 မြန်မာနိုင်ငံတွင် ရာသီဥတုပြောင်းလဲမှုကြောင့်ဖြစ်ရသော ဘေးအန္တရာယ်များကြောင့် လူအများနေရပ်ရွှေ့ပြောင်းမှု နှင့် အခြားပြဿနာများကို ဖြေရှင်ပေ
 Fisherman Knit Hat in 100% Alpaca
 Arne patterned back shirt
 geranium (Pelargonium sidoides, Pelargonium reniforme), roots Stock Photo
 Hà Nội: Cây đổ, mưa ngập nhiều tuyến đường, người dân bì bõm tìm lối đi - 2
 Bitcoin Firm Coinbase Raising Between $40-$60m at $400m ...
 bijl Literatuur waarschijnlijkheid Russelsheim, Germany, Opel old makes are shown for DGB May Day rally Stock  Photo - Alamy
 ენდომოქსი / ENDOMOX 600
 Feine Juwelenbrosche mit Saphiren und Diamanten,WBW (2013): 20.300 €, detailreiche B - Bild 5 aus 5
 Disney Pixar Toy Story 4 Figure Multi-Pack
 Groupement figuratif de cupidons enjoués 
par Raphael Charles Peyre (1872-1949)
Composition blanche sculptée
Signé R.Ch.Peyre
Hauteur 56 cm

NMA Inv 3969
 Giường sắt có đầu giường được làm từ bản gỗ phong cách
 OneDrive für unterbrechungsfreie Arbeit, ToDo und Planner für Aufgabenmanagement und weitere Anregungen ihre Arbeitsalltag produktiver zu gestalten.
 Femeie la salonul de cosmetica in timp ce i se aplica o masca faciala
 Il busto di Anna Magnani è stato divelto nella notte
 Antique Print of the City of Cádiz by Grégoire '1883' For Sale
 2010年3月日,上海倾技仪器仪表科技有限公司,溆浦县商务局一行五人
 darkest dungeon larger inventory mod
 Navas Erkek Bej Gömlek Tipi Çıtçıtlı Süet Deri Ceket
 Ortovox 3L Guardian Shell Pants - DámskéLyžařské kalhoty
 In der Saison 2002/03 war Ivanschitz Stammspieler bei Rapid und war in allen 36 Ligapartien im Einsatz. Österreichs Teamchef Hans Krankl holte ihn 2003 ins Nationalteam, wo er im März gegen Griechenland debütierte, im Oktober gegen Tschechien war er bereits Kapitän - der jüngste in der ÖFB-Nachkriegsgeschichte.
++++++++++
• WORK REQUEST: Within the material above, transcribe exactly the lines that run from the line holding "Femeie la salonul" through the line holding "Ortovox 3L Guardian".

• SOLUTION:
 Femeie la salonul de cosmetica in timp ce i se aplica o masca faciala
 Il busto di Anna Magnani è stato divelto nella notte
 Antique Print of the City of Cádiz by Grégoire '1883' For Sale
 2010年3月日,上海倾技仪器仪表科技有限公司,溆浦县商务局一行五人
 darkest dungeon larger inventory mod
 Navas Erkek Bej Gömlek Tipi Çıtçıtlı Süet Deri Ceket
 Ortovox 3L Guardian Shell Pants - DámskéLyžařské kalhoty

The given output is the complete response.